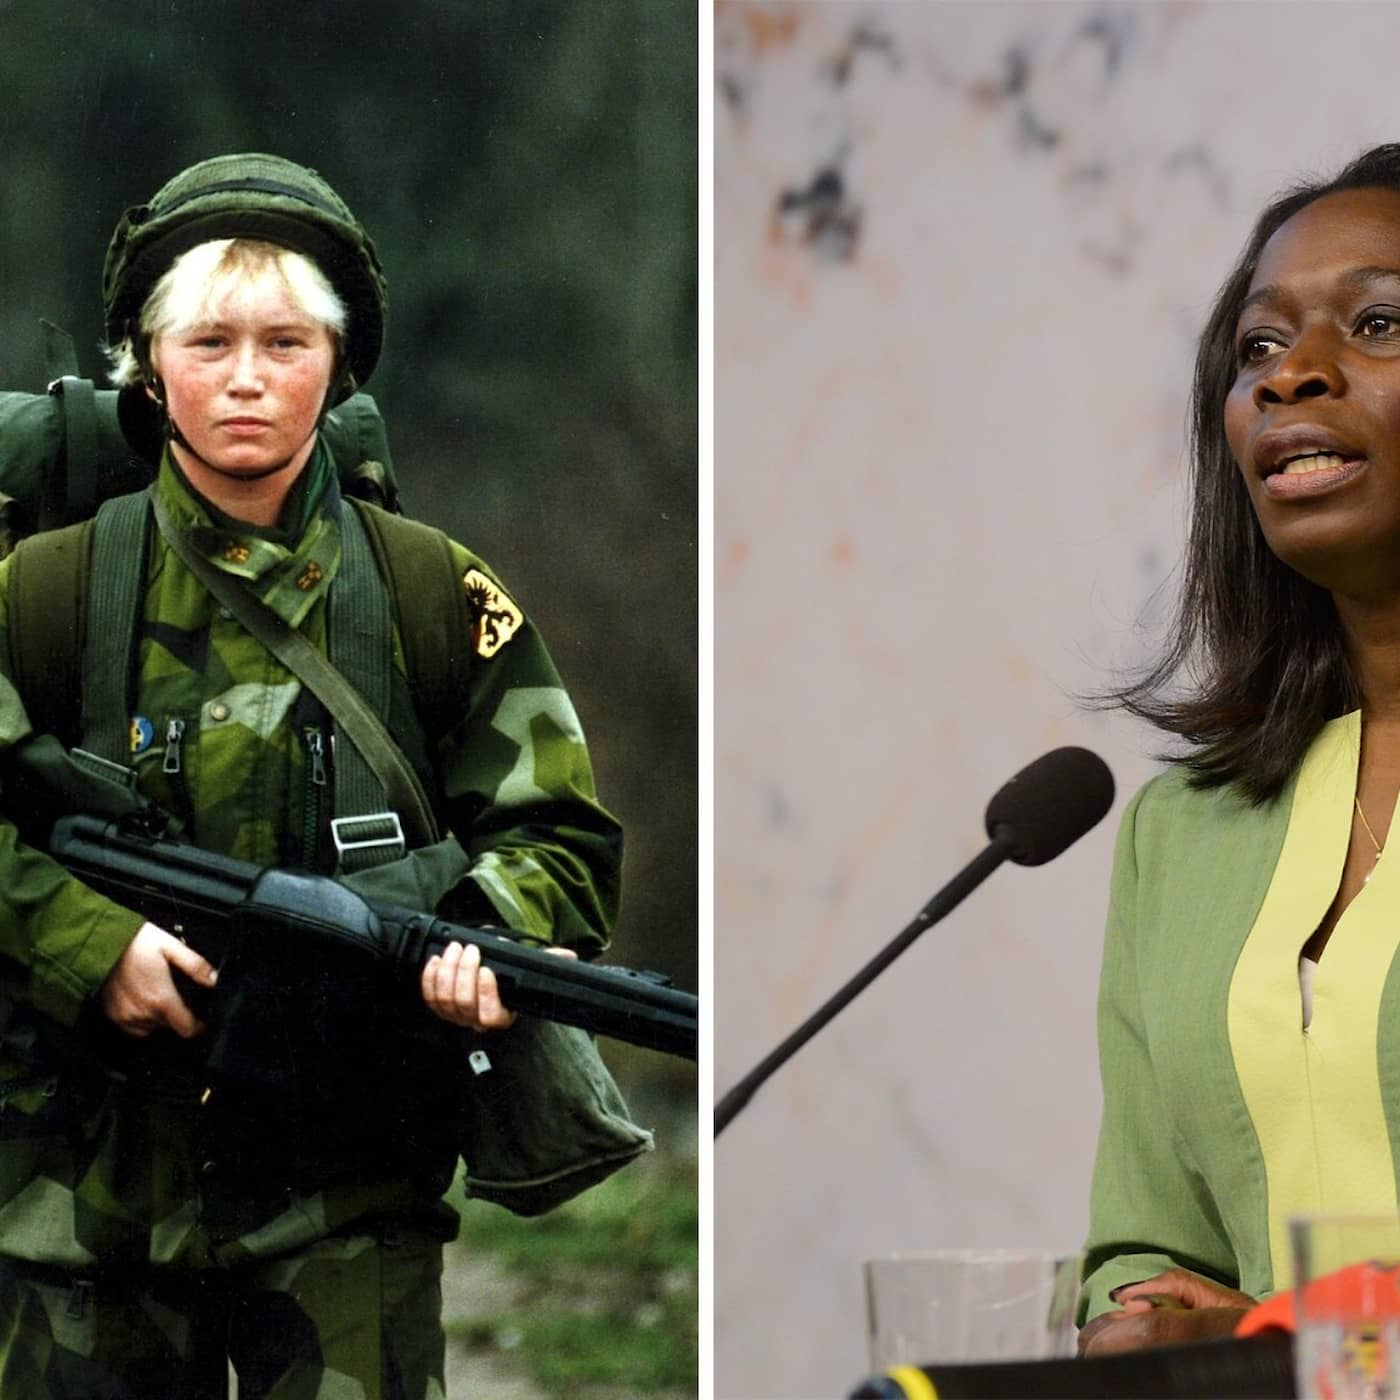 کچان کەمتر بەشداری دەورەکانی هێزی بەرگریی سوید دەکەن. لیبەراڵەکان دەیانەوێت پرسی هاوگوونجی چارەسەر بکەن
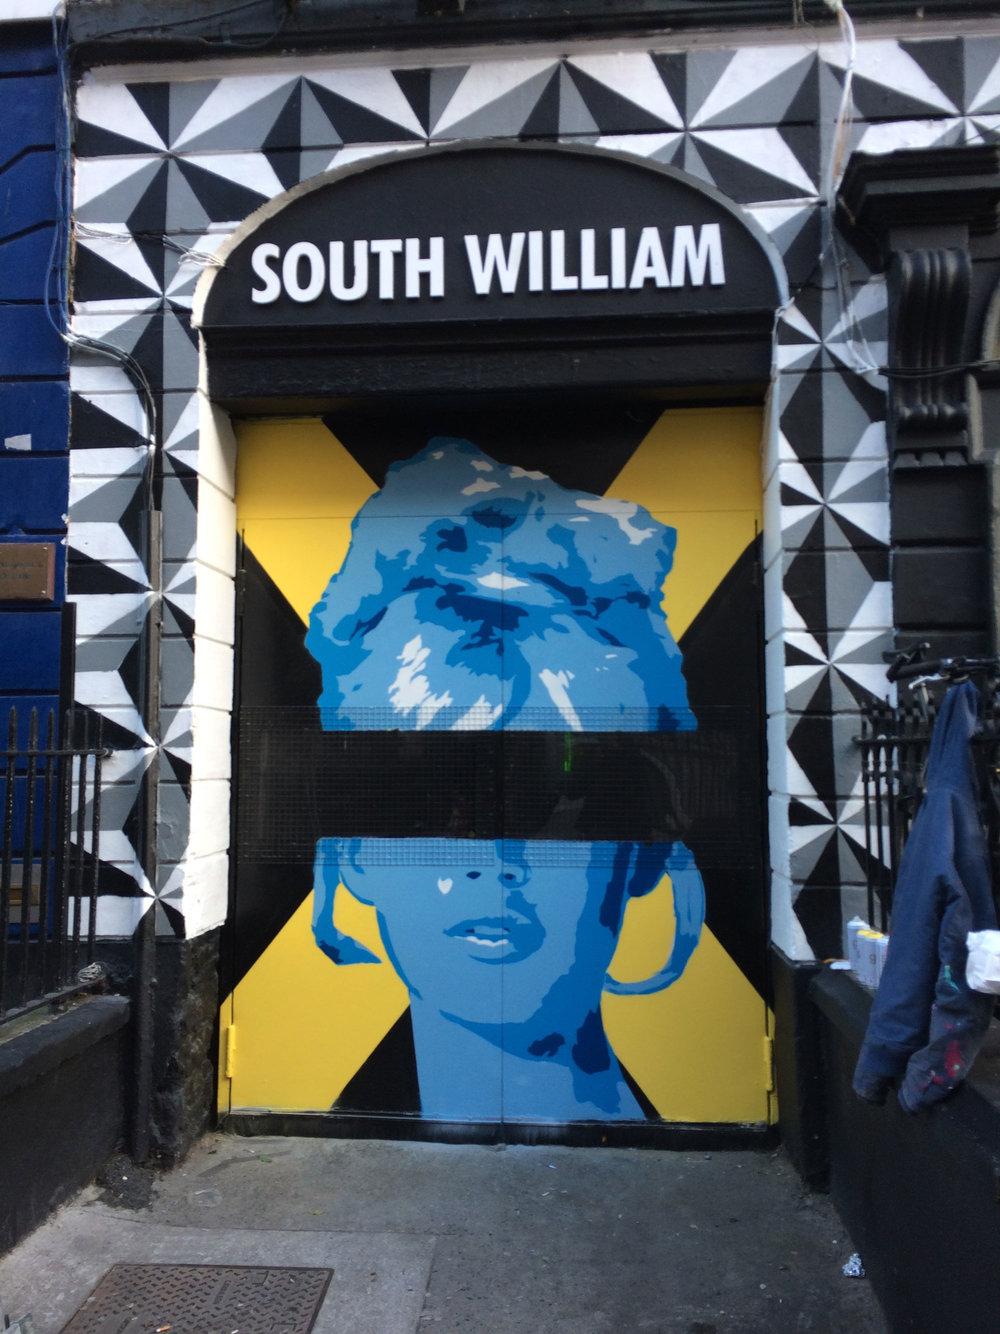 Southwilliam-1.jpg
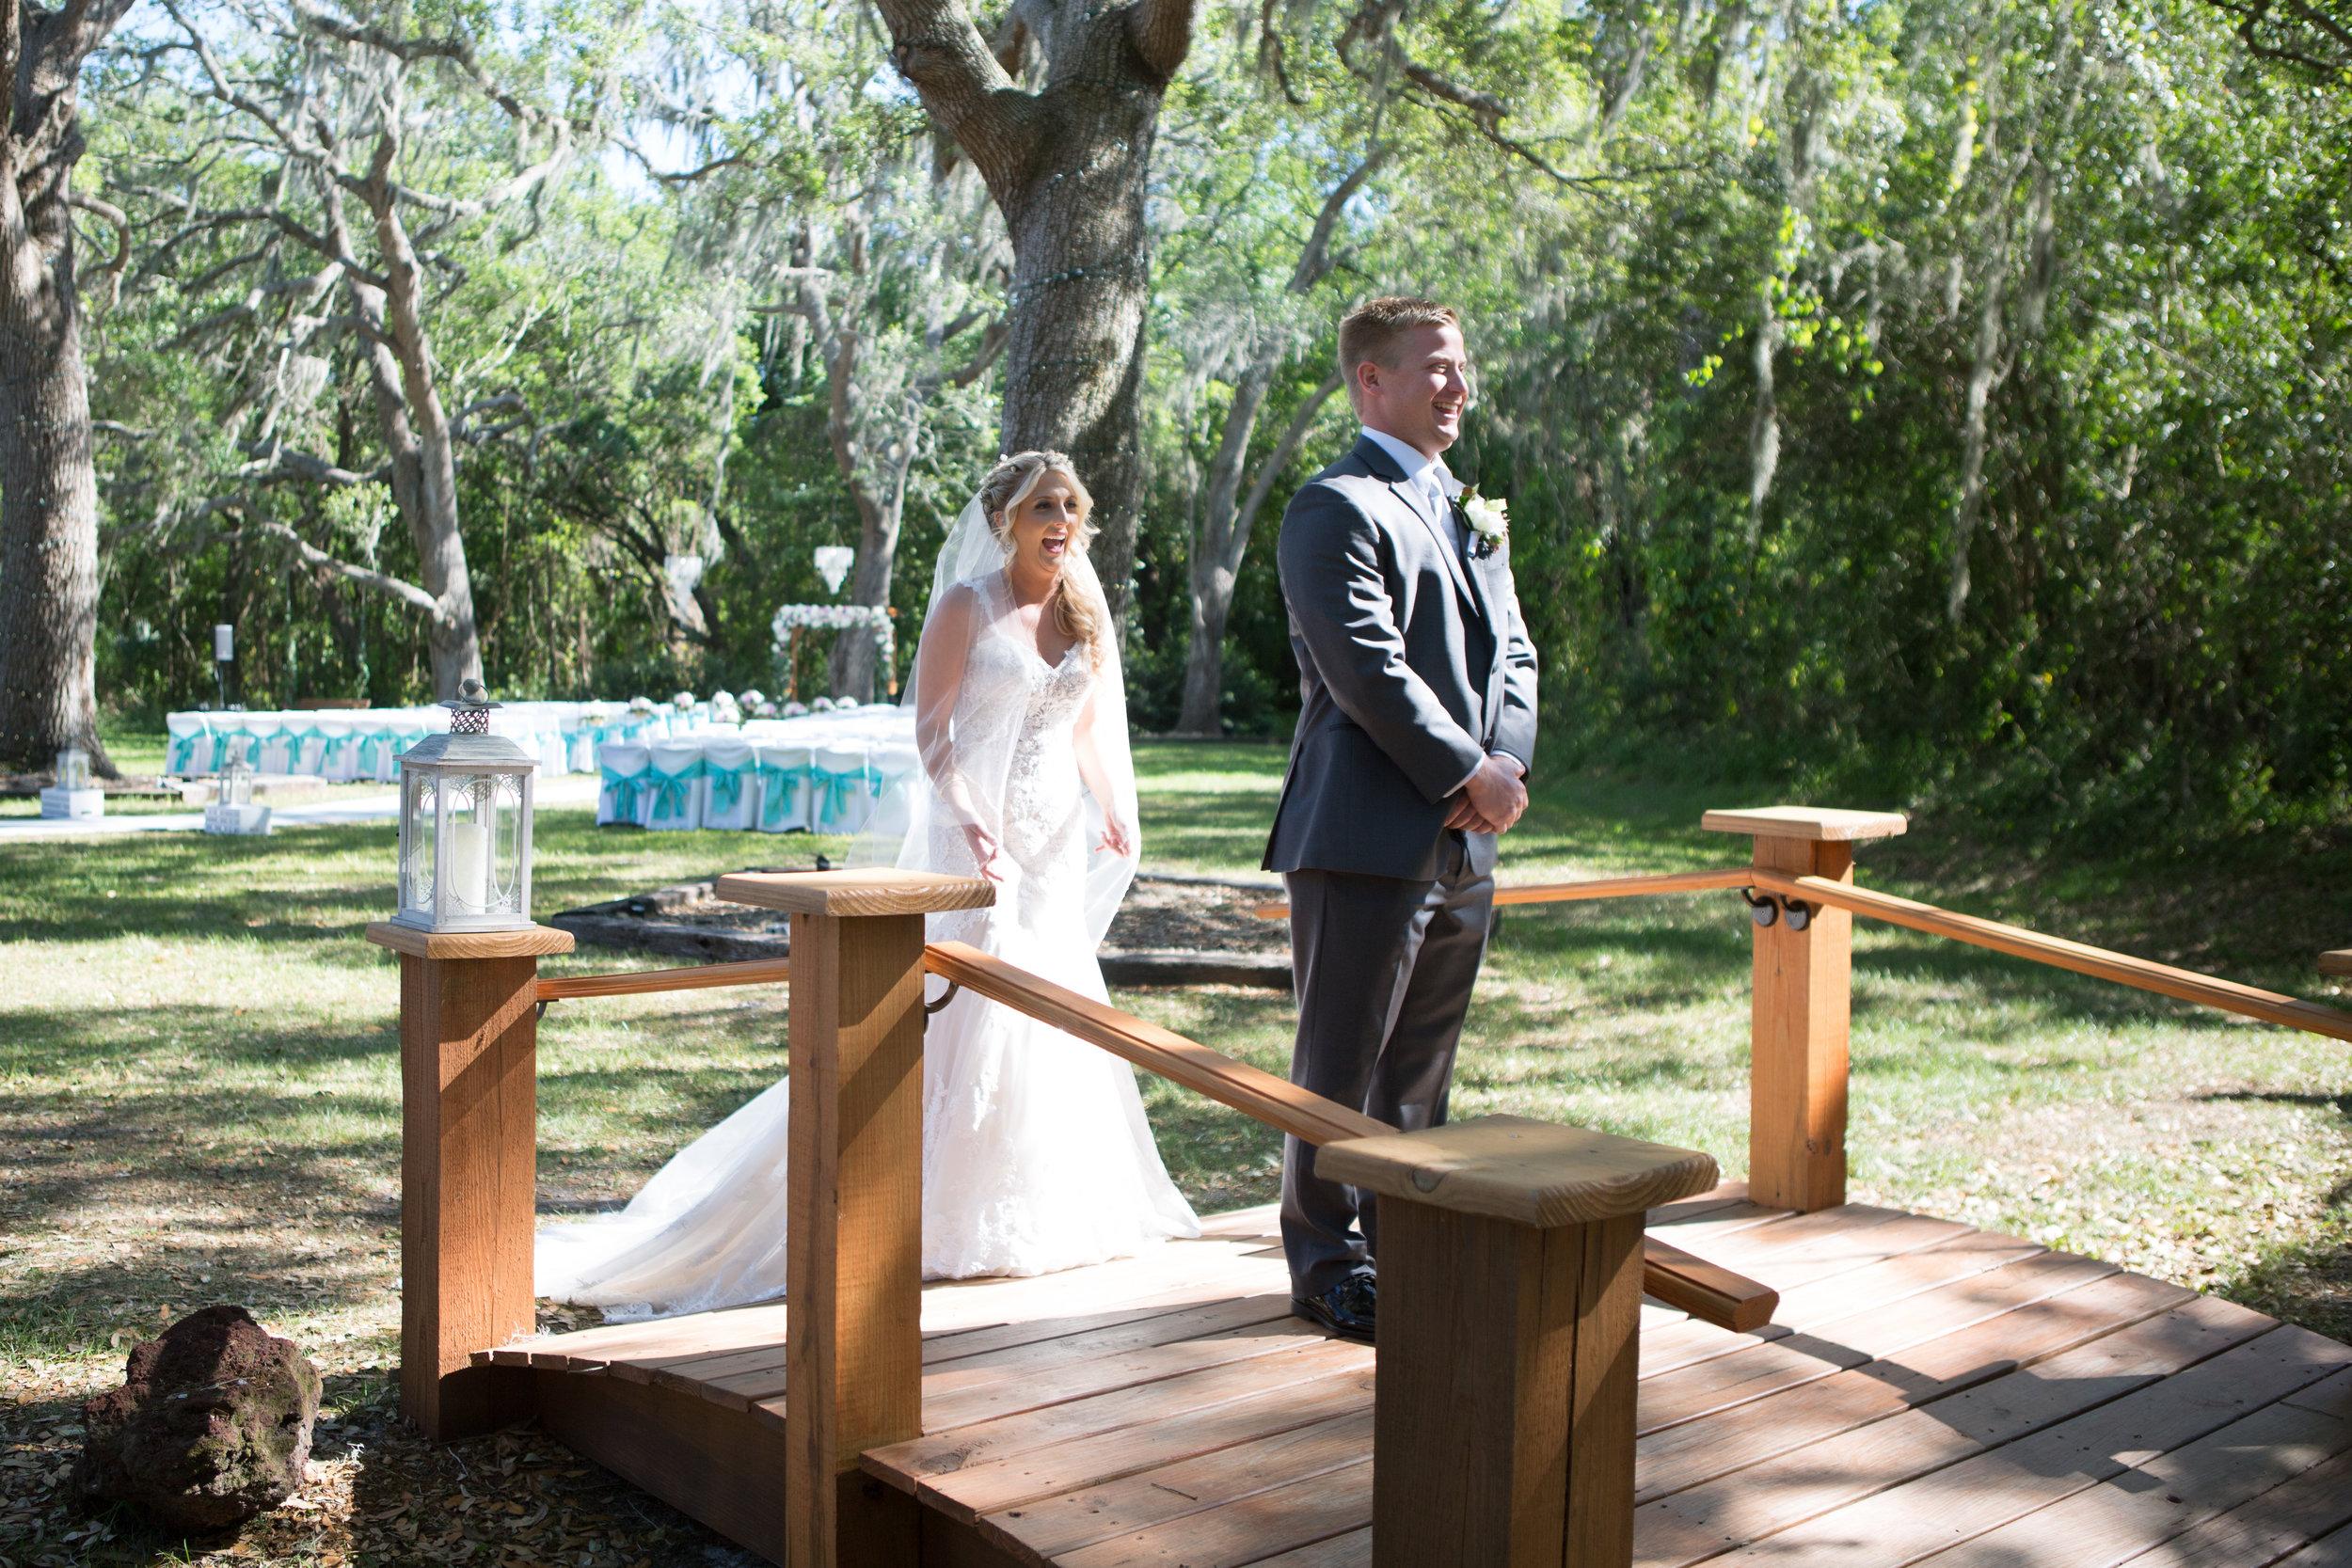 04_08_17_Baker's Ranch_weddings (5).jpg

----------------------------------------

--- INSTRUCTIONS TO FOLLOW ---
The answer should consist of every line above, exact and free of images.

--- ANSWER TO THIS TASK ---
 کچان کەمتر بەشداری دەورەکانی هێزی بەرگریی سوید دەکەن. لیبەراڵەکان دەیانەوێت پرسی هاوگوونجی چارەسەر بکەن
 Southwilliam-1.jpg
 04_08_17_Baker's Ranch_weddings (5).jpg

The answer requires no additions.